We reviewed 25 cost-effectiveness models focusing on biologic therapy for moderate to severe chronic plaque psoriasis [1034] (Table 1). The cost-effectiveness models were for countries in Europe (11), North America (9) and South America (5). The types of models used included decision-tree models (12), empirical estimates based directly on clinical trial results (10) and Markov models (3). The first-line comparators in these cost-effectiveness models included only biologic agents (16), biologics or other systemic therapy (5) and biologics or other nonsystemic therapy (4). All of the models included only individuals with chronic plaque psoriasis; all but one model (which only included severe cases) included individuals with moderate or severe disease.

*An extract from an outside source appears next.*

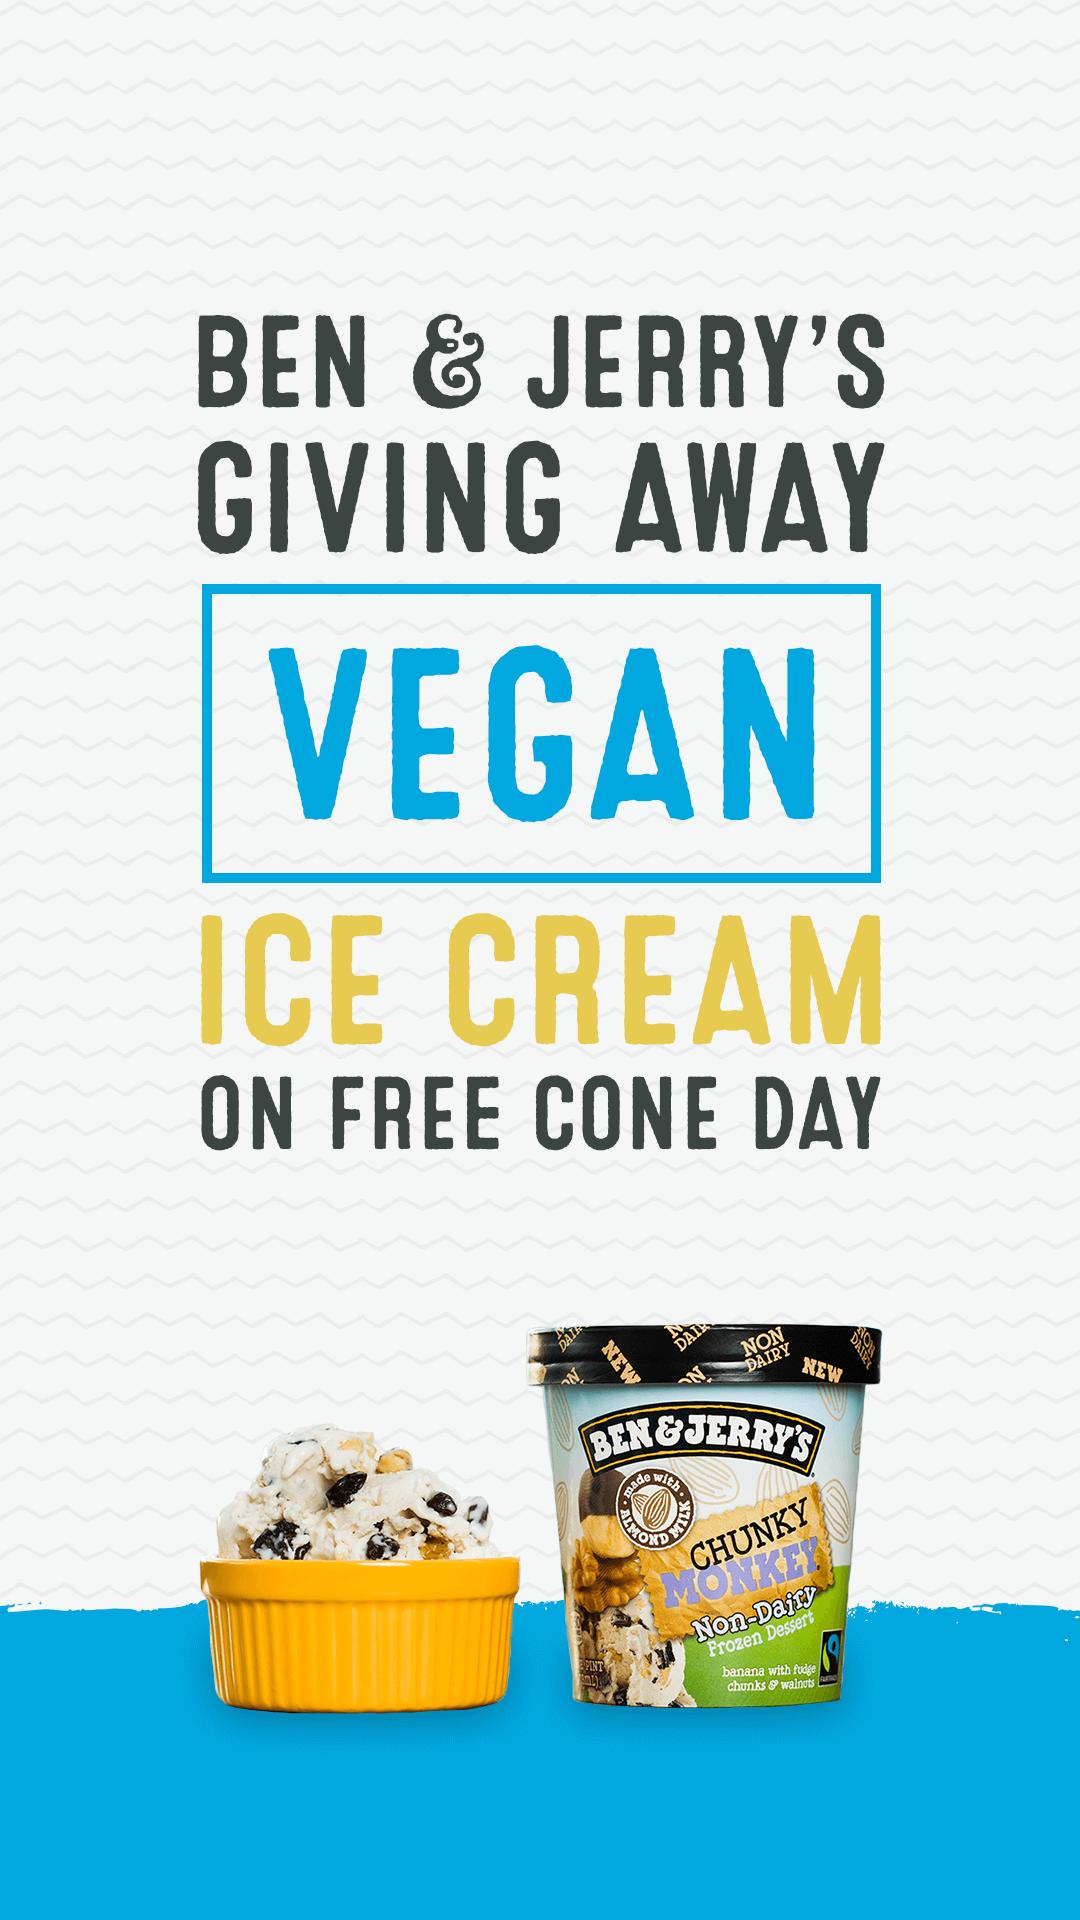 Ben & Jerry's Giving Away Vegan Ice Cream on Free Cone Day

Table 1 Summary of economic analyses and their consideration of treatment sequencing after failure on the first biologic

The models varied in time horizon and whether they included treatment sequencing. In 15 of the 25 models reviewed, active treatment after failure of the first-line biologic was not considered. In 10 of these 15 models [12, 14, 20, 22, 23, 2729, 31, 32], cost effectiveness was estimated as the cost per responder in a short-term analysis (varying from 12 weeks to 18 months), with discontinuation from the first-line biologic not explicitly considered in the model. In the other five models out of 15 models that did not include an active second-line treatment, cost effectiveness was estimated over a 10-year time horizon. In these five models, discontinuation from the first-line biologic was assumed to be followed by a switch to topical treatment [13] or nonsystemic treatment [24, 25], no further active treatment [26] or best supportive care [30].

In 10 of the 25 models reviewed, treatment sequencing with an active treatment after failure of the first-line biologic was explicitly included in the analysis [10, 11, 1519, 21, 33, 34]. The time horizons for the cost-effectiveness analyses in these models ranged from 96 weeks to 10 years. Five of the ten models that included an active treatment after failure of the first-line biologic were available only as abstracts and did not provide details of the treatment switches that were included [1519]. These models included cost-effectiveness estimates for Colombia, Brazil (private and public perspective), Venezuela and Argentina; all were based on the same model structure and had a time horizon of 96 weeks. The abstract for each country stated, “Therapy continuation or switch was evaluated at week 24.” The abstracts did not give any further information about the switch treatment options included at week 24 nor how they were accounted for in the analyses.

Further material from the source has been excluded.